When using an MCP Server access token, Descope enforces your custom access control policies on the token request. This allows you to control which MCP clients/agents can retrieve connection tokens based on roles, permissions, or other conditions defined in your policies.
Management keys, on the other hand, provide full administrative access to all connection tokens across all users and tenants, bypassing access control policies.
Token Fetching Methods
These are all of the methods you can use to fetch connection tokens.
Fetch Latest User Token
This method is recommended when you don't know the exact scopes or want the most recent valid token for the user, regardless of scopes.
Request Parameters
appId(required): The ID of the connection.userId(required): The user ID for whom to fetch the token.tenantId(optional): The tenant ID of the user, if a user has multiple tokens associated with different tenants.options(optional): Additional options for token fetching.withRefreshToken: Defaults to false. Set this to true to include the refresh token in the response.forceRefresh: Defaults to false. The API will return a refreshed token regardless of this value, but this will force our service to refresh the token on the client's behalf.
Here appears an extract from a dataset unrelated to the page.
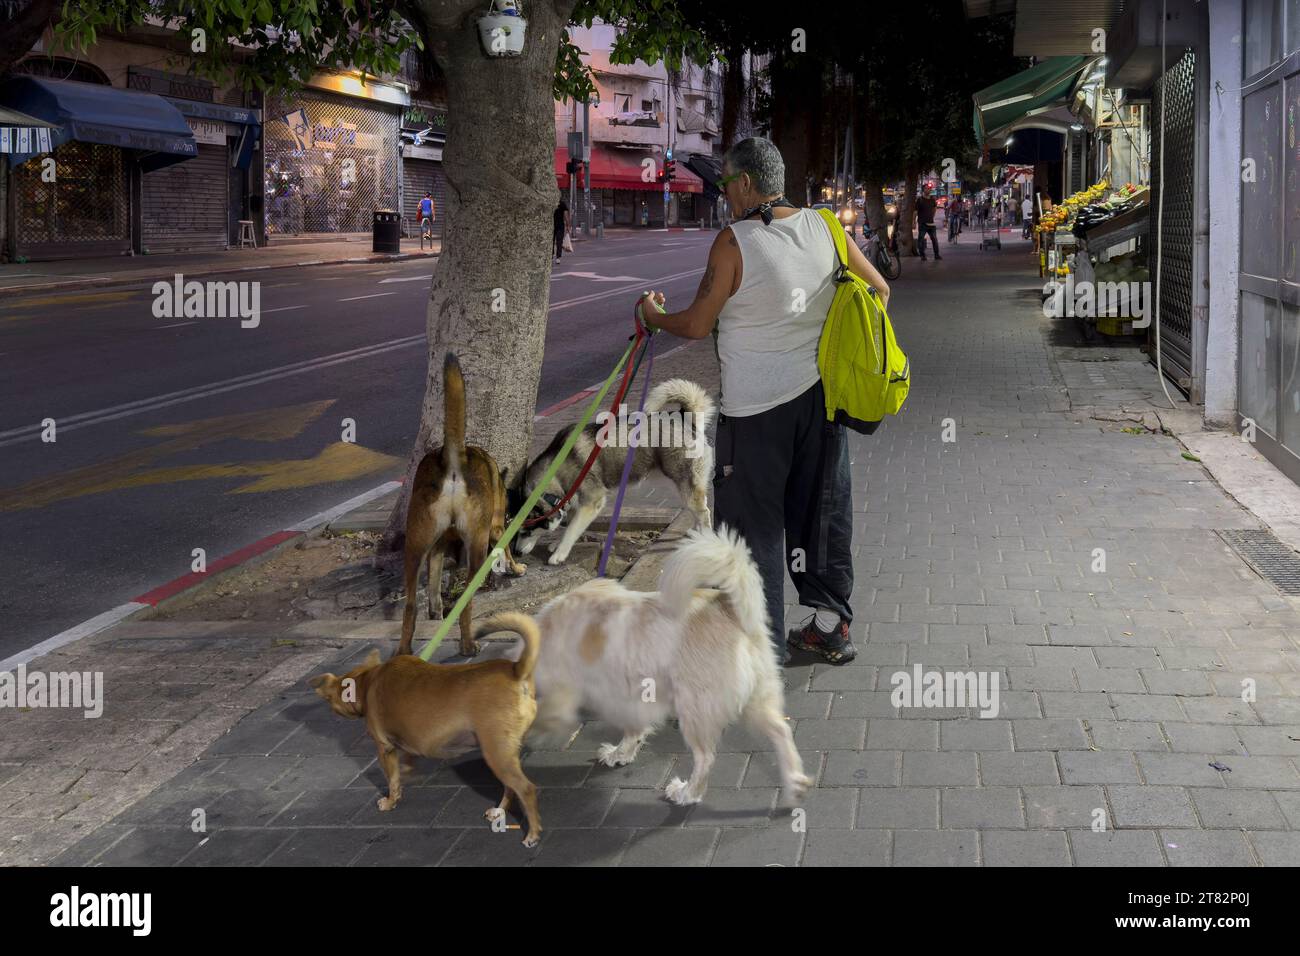 Una mujer pasea perros en la calle Ha Aliya al sur de Tel aviv Israel Foto de stock

Fetch Token with Specific Scopes
Use this method when you need a token with specific scopes. Important: You must provide the exact scopes that were used when the token was created. Otherwise, you'll receive a 404 Token not found error.
Request Parameters
appId(required): The ID of the connection.userId(required): The user ID for whom to fetch the token.tenantId(optional): The tenant ID of the user, if a user has multiple tokens associated with different tenants.scopes(required): An array of exact scopes that match the original token.options(optional): Additional options for token fetching.withRefreshToken: Defaults to false. Set this to true to include the refresh token in the response.forceRefresh: Defaults to false. The API will return a refreshed token regardless of this value, but this will force our service to refresh the token on the client's behalf.
Fetching Tenant-Level Tokens
In addition to user-specific tokens, you can also fetch tenant-level tokens for connections. These are useful when you need to access APIs on behalf of a tenant rather than a specific user.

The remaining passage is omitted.